The full pipeline automatically calculates relative abundance. Before passing data to visualization, it is strongly recommended to re-run --relabund with the -O flag — this collapses all taxa below the chosen threshold into a single "Other" group, producing much cleaner and more readable plots.

KrakenParser --relabund -i data/counts/counts_species.csv -o data/rel_abund/ra_species.csv -O 4

This groups every taxon with relative abundance < 4 % into Other (<4.0%). Adjust the threshold to your data.

Note: The pipeline-generated rel_abund/ra_*.csv files (no -O) preserve the full unfiltered data — use them for statistical analysis. Use the -O variant specifically for visualization.

Using Individual Modules (Advanced)

Each step of the pipeline can also be run individually. This is useful for re-running a single step, debugging, or integrating KrakenParser into a custom workflow.

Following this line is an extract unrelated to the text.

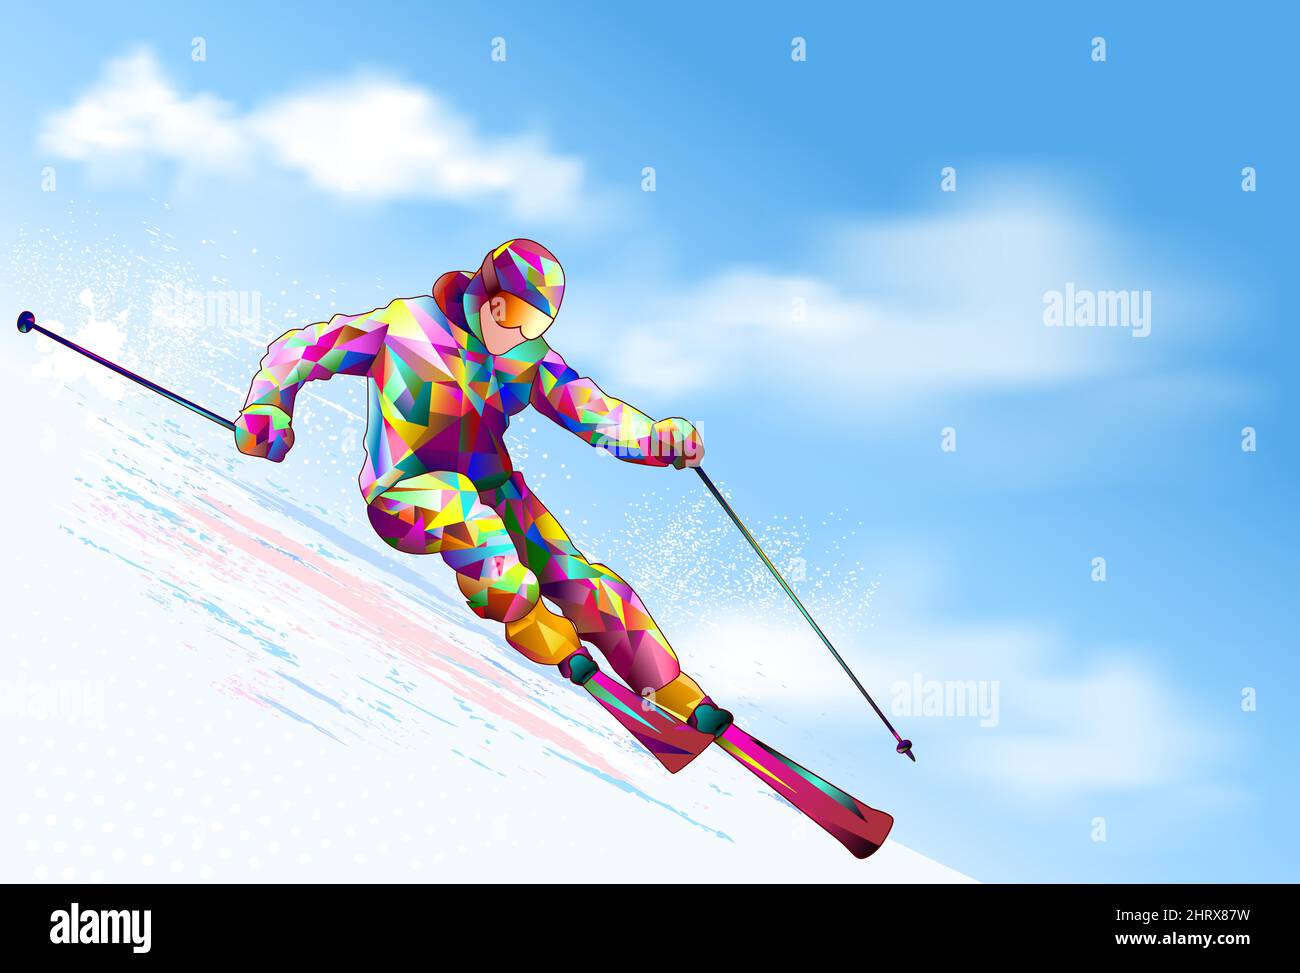 Skieur sur une pente enneigée. Le skieur descend sur des skis contre le fond du ciel et des nuages. Illustration de Vecteur
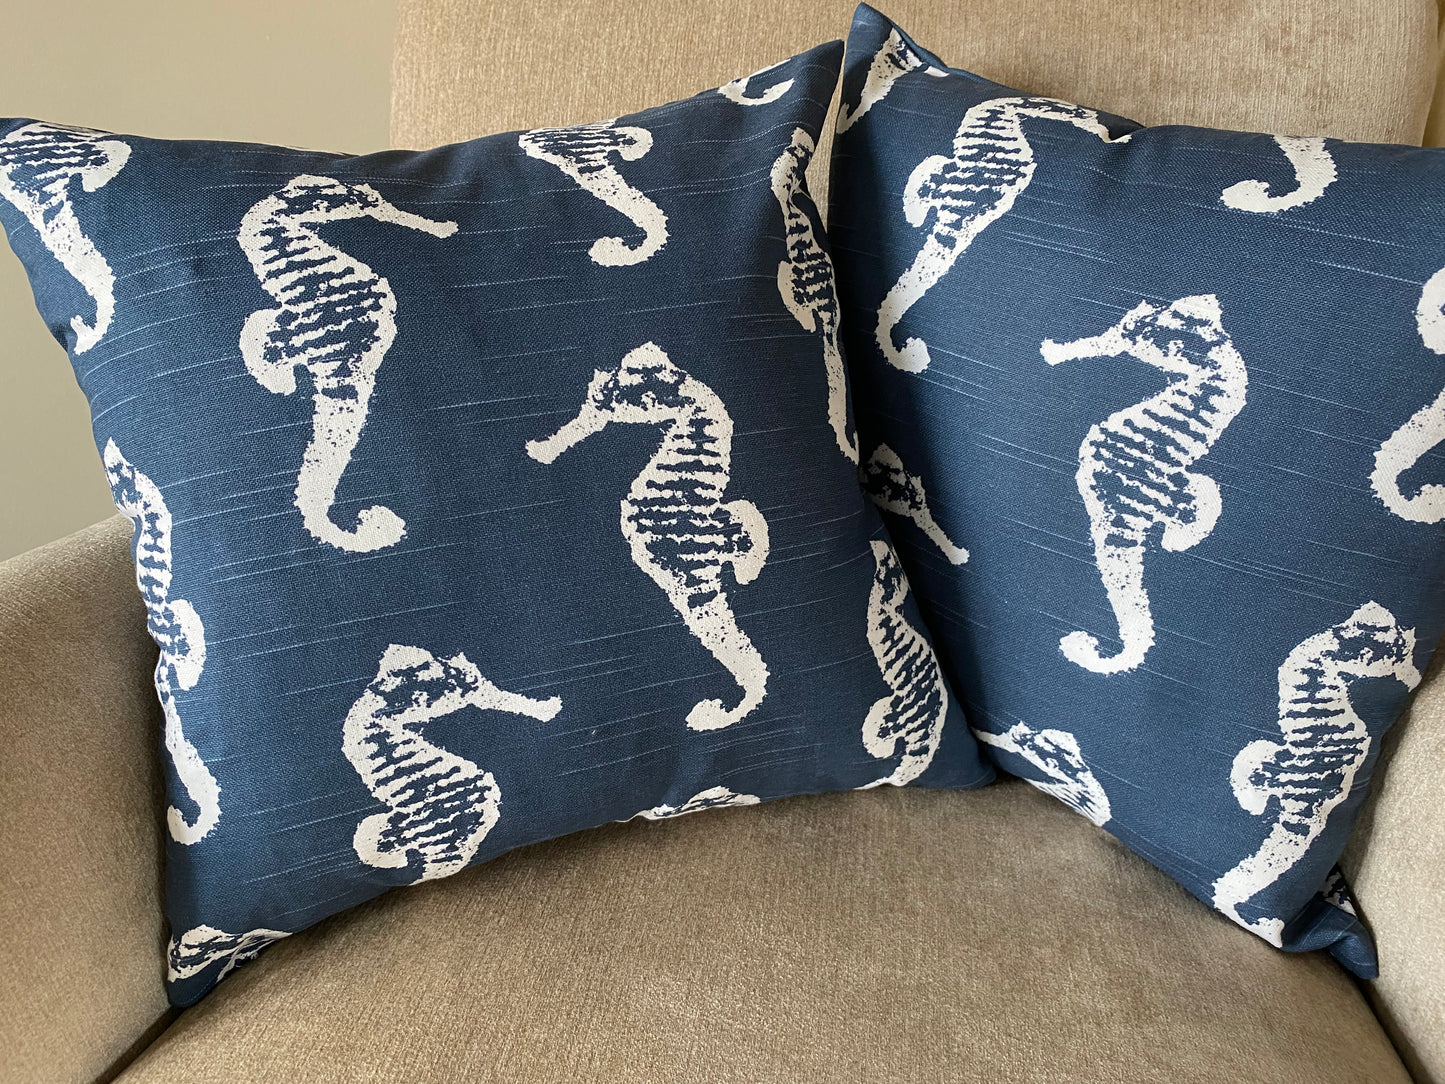 Blue Seahorse Accent Cushion

Step 1: Convert Kraken2 Reports to MPA Format

# Batch mode (directory)
KrakenParser --kreport2mpa -i data/kreports -o data/intermediate/mpa
# Single file
KrakenParser --kreport2mpa -r data/kreports/sample.kreport -o data/intermediate/mpa/sample.MPA.TXT
#Having troubles? Run KrakenParser --kreport2mpa -h

Converts Kraken2 .kreport files into MPA format.

Step 2: Combine MPA Files

KrakenParser --combine_mpa -i data/intermediate/mpa/* -o data/intermediate/COMBINED.txt
#Having troubles? Run KrakenParser --combine_mpa -h

Merges multiple MPA files into a single combined table.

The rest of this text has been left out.